Here’s my recommendation on how to proceed to evaluate ENCODE data (in short form):
1. Watch the full OpenHelix tutorial I created that lasts about an hour, and try the step-by-step exercises on how to recognize and investigate ENCODE data tracks in the UCSC Genome Browser. We’ve done this material in workshops and people seemed to connect with it. Find your region of interest or one that you know well (if you don’t know how to do that see the UCSC basics tutorial first).
2. Turn on some ENCODE data tracks you might be interested in–or even already know some details about–using the track features. Transcription factor binding? Chromatin state? Variation? Consider the control rows. Do these data make sense with what you know? Is there something else curious going one?

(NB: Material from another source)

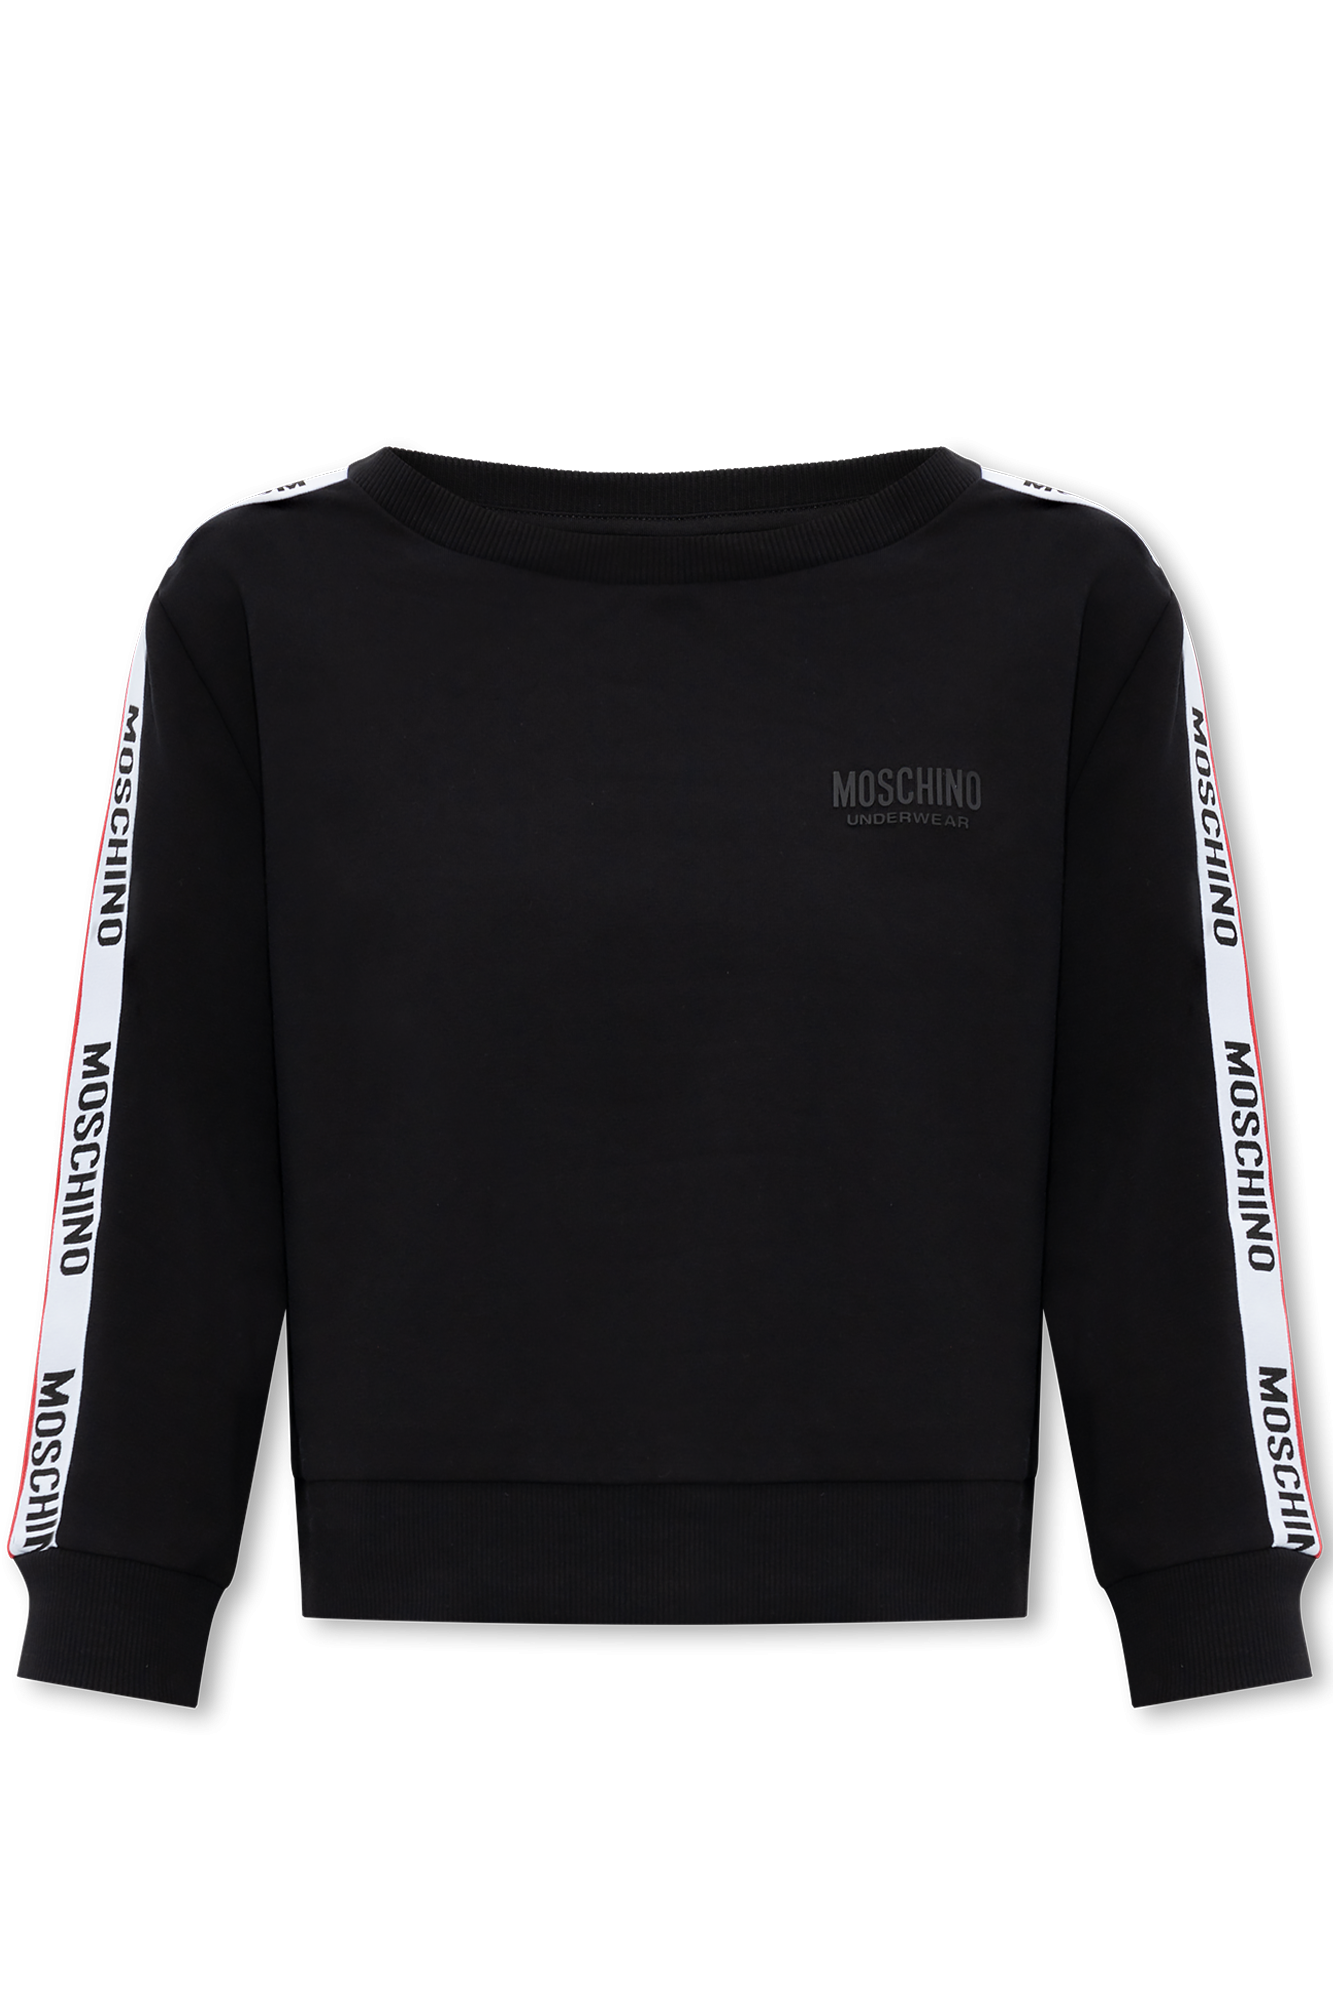 Black Sweatshirt with logo Moschino - Vitkac Australia

3. Now go to the Nature Portal thread for that topic and find the specific papers relevant for that data. Read those. See how the researches made the calls they did. Look again at your region. Read more from the literature that existed before. Look at more locations—where you expect something, and places you don’t, and places you don’t have any idea about.
4. See if there are cell lines relevant for your focus with this awesome Matrix (note: not all cell lines or antibodies are turned on when you hit “show” on a track–you may have to go in and click them. This is shown in the tutorial.). Same outcome? Different? What about in the stem cell line?
5. Think about confirming what you see. Get the cell lines and grow them with ENCODE conditions. Can you see it again? Can you tweak it?
6. Check out your favorite cell line/tissue in your lab. Do you see the same thing? Or is it different? Different in non-reproducible way or different in an interesting way?
7. Publish. Or blog about it. Let’s talk about it. If you do see—or if you don’t see—what the ENCODE data suggested, we want to know. It will help us all to understand which puzzle pieces are good, and which pieces might need more work or more thought, or re-analysis.
I hope that this tip is a constructive way to proceed. Please have a look at the data. It really could help your work—to understand current features, and to design future directions to pursue. That’s what ENCODE is there for.
ENCODE tutorial: http://www.openhelix.com/ENCODE2
UCSC Genome Browser Introduction tutorial: http://www.openhelix.com/ucsc
ENCODE portal at UCSC Genome Browser: http://encodeproject.org/
Main UCSC Genome Browser starting point: http://genome.ucsc.edu/
The YouTube tip page directly: http://youtu.be/QS1c7BpIvmI
Order Quick Reference Cards to keep near your computer for handy guides: http://bit.ly/QRCencode
Birney, E. (2012). The making of ENCODE: Lessons for big-data projects, Nature, 489 (7414) 51. DOI: 10.1038/489049a
The ENCODE Project Consortium (2012). An integrated encyclopedia of DNA elements in the human genome Nature, 489, 57-74 DOI: 10.1038/nature11247
Disclaimer: Over the past few years we had a contract from the UCSC DCC to provide training and outreach on ENCODE data in the UCSC Genome Browser, and the training materials I offer were developed under that contract. That contract has completed and we are not officially associated with ENCODE in any manner at this time.